Politics

Facing budget cuts, Joint Chiefs scramble to push ‘innovation’ at Pentagon

Paul Conner Executive Editor
Font Size:

If former Sen. Chuck Hagel is confirmed to be secretary of defense, he will face a new era of tightening budgets at the Pentagon — a reality that top-level military officials are now publicly acknowledging.

Gen. Martin Dempsey, chairman of the Joint Chiefs, addressed the belt-tightening and tried to demonstrate a way forward in an article published in the January 2013 edition of Joint Forces Quarterly.

“A period of transition and tighter resources doesn’t signal the end of innovation,” Dempsey wrote. “Rather, it can and should promote creative and collaborative thinking.”

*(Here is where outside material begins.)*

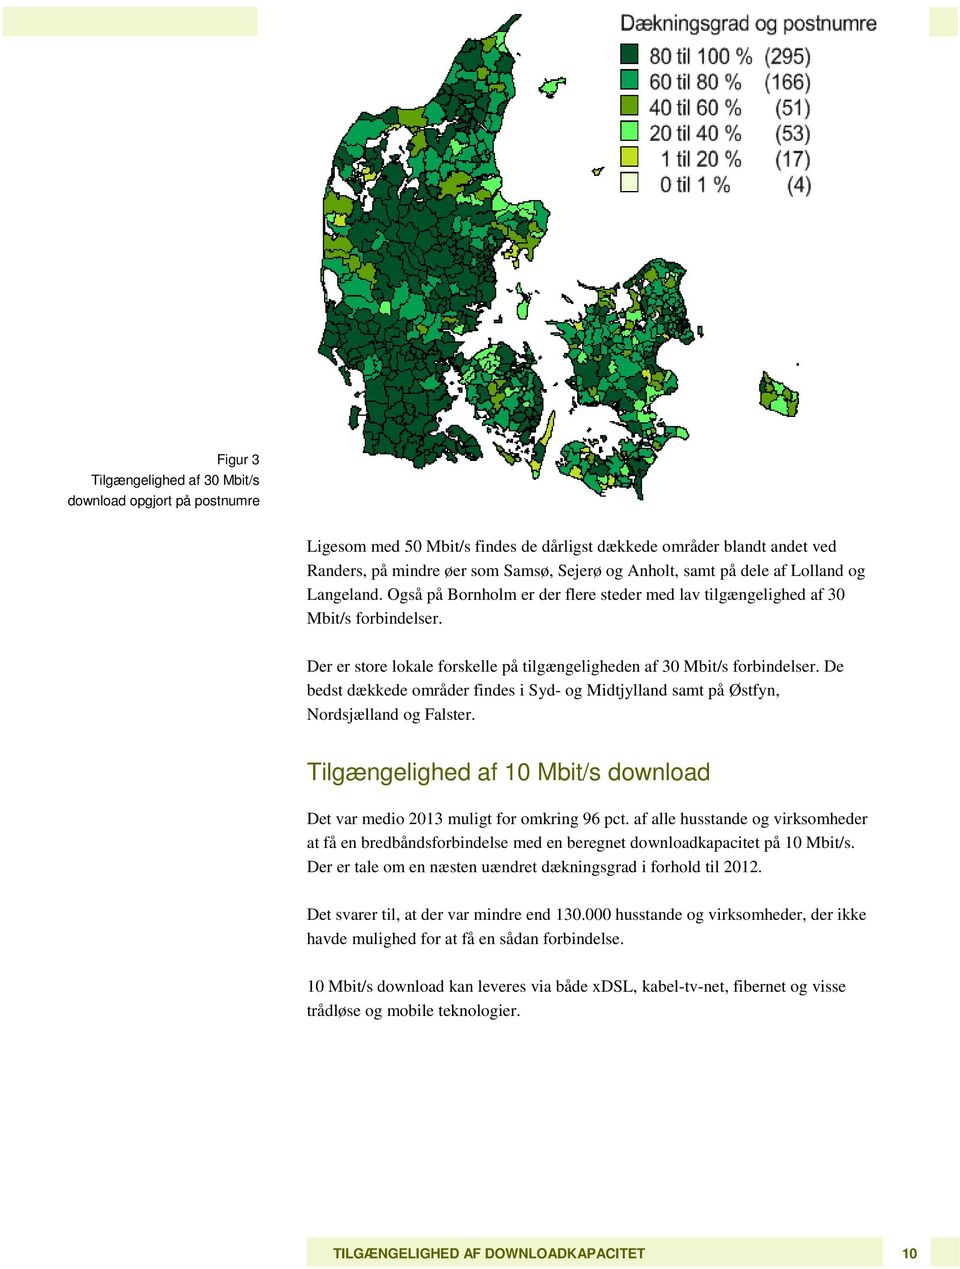 De bedst dækkede områder findes i Syd- og Midtjylland samt på Østfyn, Nordsjælland og Falster. Tilgængelighed af 10 Mbit/s download Det var medio 2013 muligt for omkring 96 pct.

“America is built on innovation,” he said. “We must reinforce a military culture that reflects and taps into this dynamic society — one that fosters and rewards innovation at all levels, and leverages private-sector networks in mutually reinforcing ways.”

The Pentagon has been scrambling to react to the looming sequester, an across-the-board cut that is scheduled to hit at the end of February. The sequester, a product of 2011 debt ceiling negotiations between President Barack Obama and Congress, was delayed two months as part of a New Years’ Day deal to avert the fiscal cliff.

Outgoing Secretary of Defense Leon Panetta has spent much of the last year speaking out against the sequester cuts, which threaten to drive up unemployment as contractors across the country are forced to cut back.

Dempsey’s comments, published in the journal with a front-page headline “Innovation Under Austerity,” also referred to the hastening U.S. drawdown in Afghanistan.

At Obama’s direction, U.S. troops are drawing down in Afghanistan and will move into a support role there in the spring, before withdrawing almost entirely in 2014. Troops pulled out of Iraq just over a year ago.

“We must choose resource strategies that are not only innovative and collaborative, but also affordable,” Dempsey said. “In my view, strategy insensitive to resources is rhetoric. Global responsibilities, ongoing conflicts, and aging weapons systems — coupled with tighter budgets — only reinforce that reality.”

The sequester would require more than $500 billion in cuts over ten years, including $45 billion in seven months, from March to the end of the fiscal year in October. Similar cuts would also be made on domestic spending.

The journal, which is published under Dempsey’s authority by the National Defense University, included feature articles on “Why We Need a Smaller Defense Department” and “The Case for Military Pension Reform.”